Do lado belga, Hazard jogou muita bola, e Lukaku pode reivindicar a co-autoria do golaço de De Bruyne. Chadli e Meunier muito bem. E Courtois foi brilhante. O seu destaque só evidencia aquilo que todos puderam ver: o ataque brasileiro funcionou. Diferentemente do 7 a 1, o time cresceu quando em desvantagem. Soube manter a cabeça no lugar e não seria nada injusto arrancar o empate nas bolas de Renato Augusto, Coutinho, ou no chutaço derradeiro de Neymar, pra defesa espetacular de Courtois.
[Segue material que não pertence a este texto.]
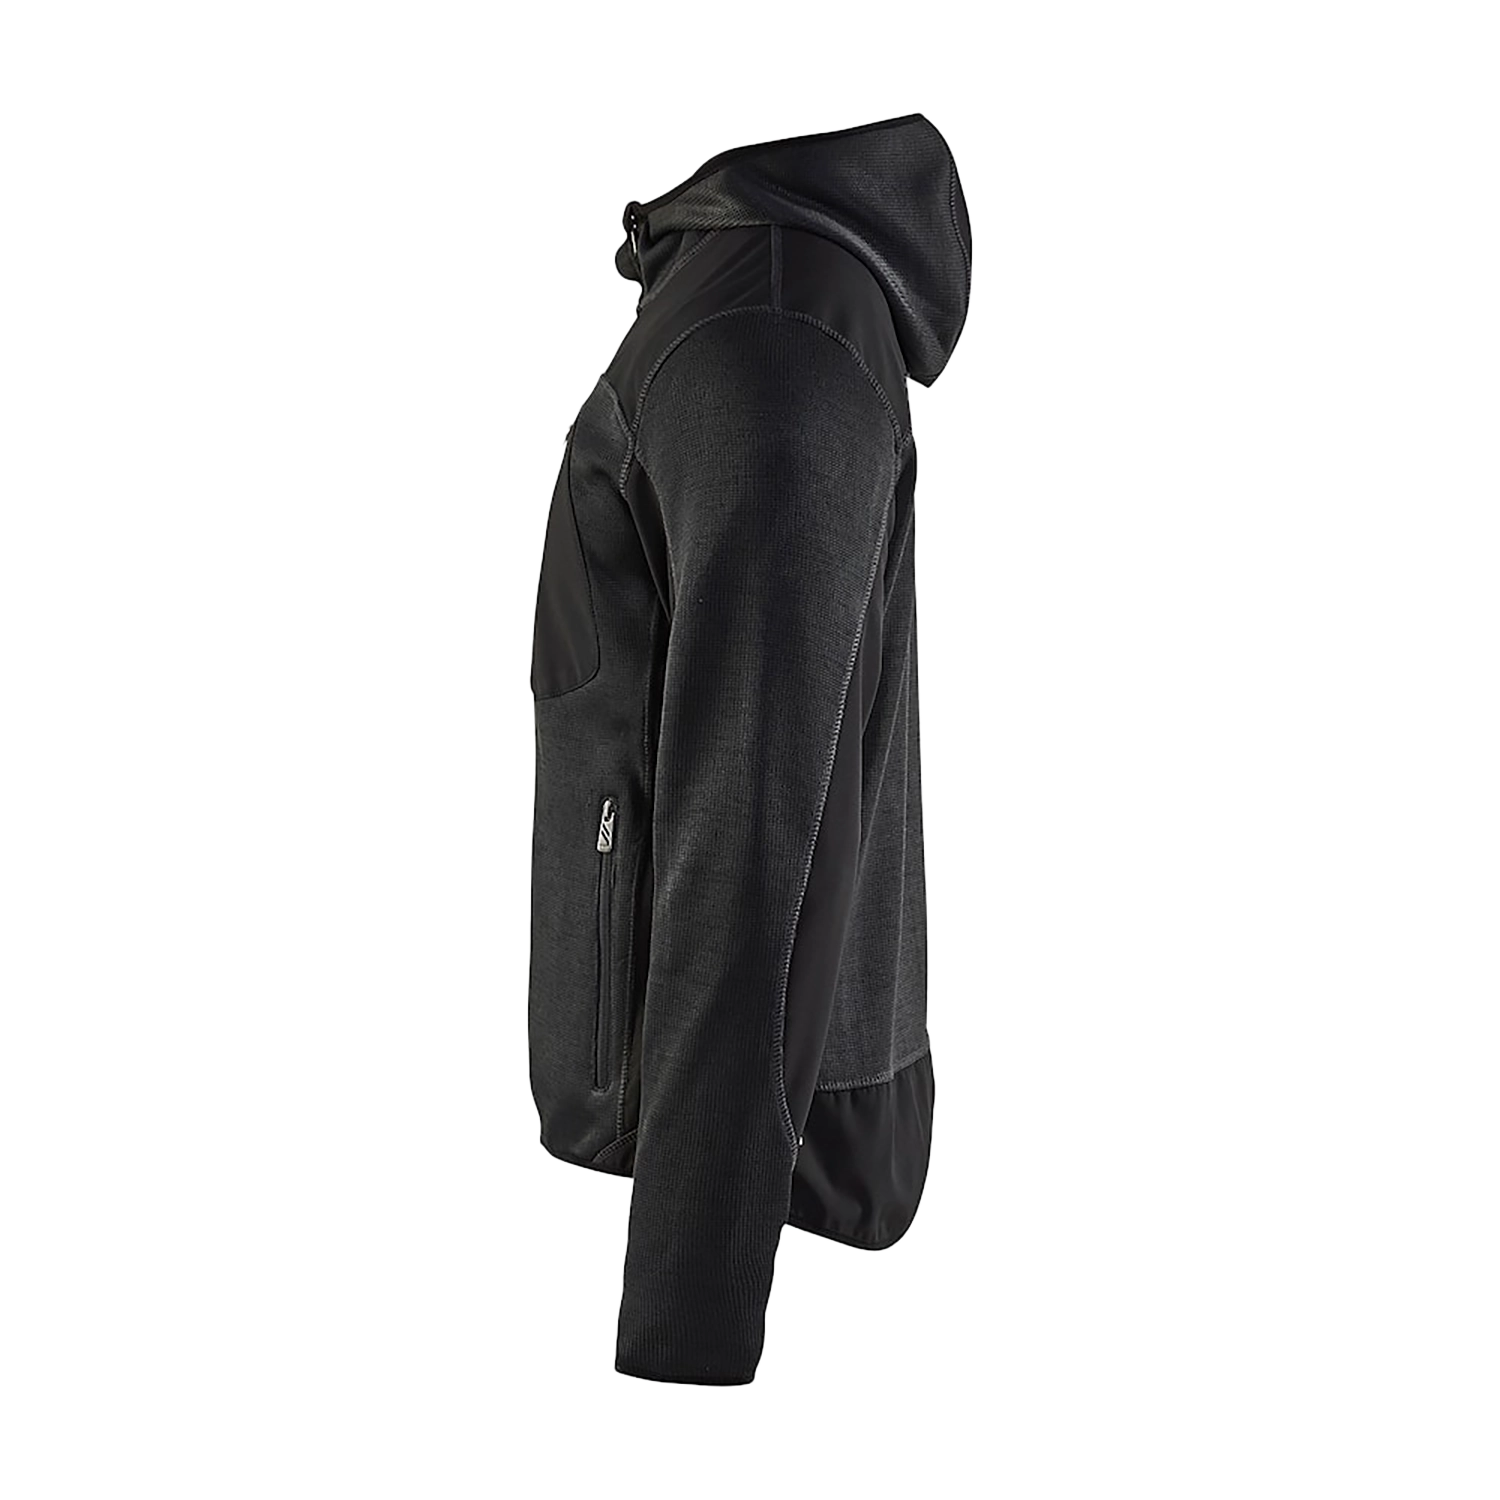 Gilet tricoté avec softshell 4930/2117/9799 - gris foncé/noir - xl

Aqui é preciso uma pausa pra estender toda a solidariedade a Fernandinho, vítima de ataques racistas nas redes sociais. Que os autores sejam identificados e punidos, e Fernandinho possa seguir a sua brilhante trajetória no City. Como Lukaku disse recentemente, quando ele ganha, é belga. Quando perde, é congolês. O racismo é Internacional, e somente com uma luta em igual escala vamos derrotá-lo.
Não há terra arrasada. Só uma seleção pode ser campeã, e já o fomos 5 vezes: às vezes é necessário lembrar o óbvio.
França, Bélgica, Inglaterra ou Croácia. Considero França e Bélgica equivalentes, enquanto a Inglaterra mostrou uma campanha superior à da Croácia. Por isso, considero bastante provável que os ingleses farão uma final após 52 anos.
Para os racistas, França, Inglaterra e Bélgica tem entre seus protagonistas jogadores negros, filhos ou netos de imigrantes. Mbappé e Pogba, Sterling e Lingard, Lukaku e Kompany. Pra quem não reparou, Lingard e Dele Alli, jogadores da Inglaterra, comemoraram seus gols com a coreografia de Childish Gambino em This Is America. Porque nunca foi só futebol.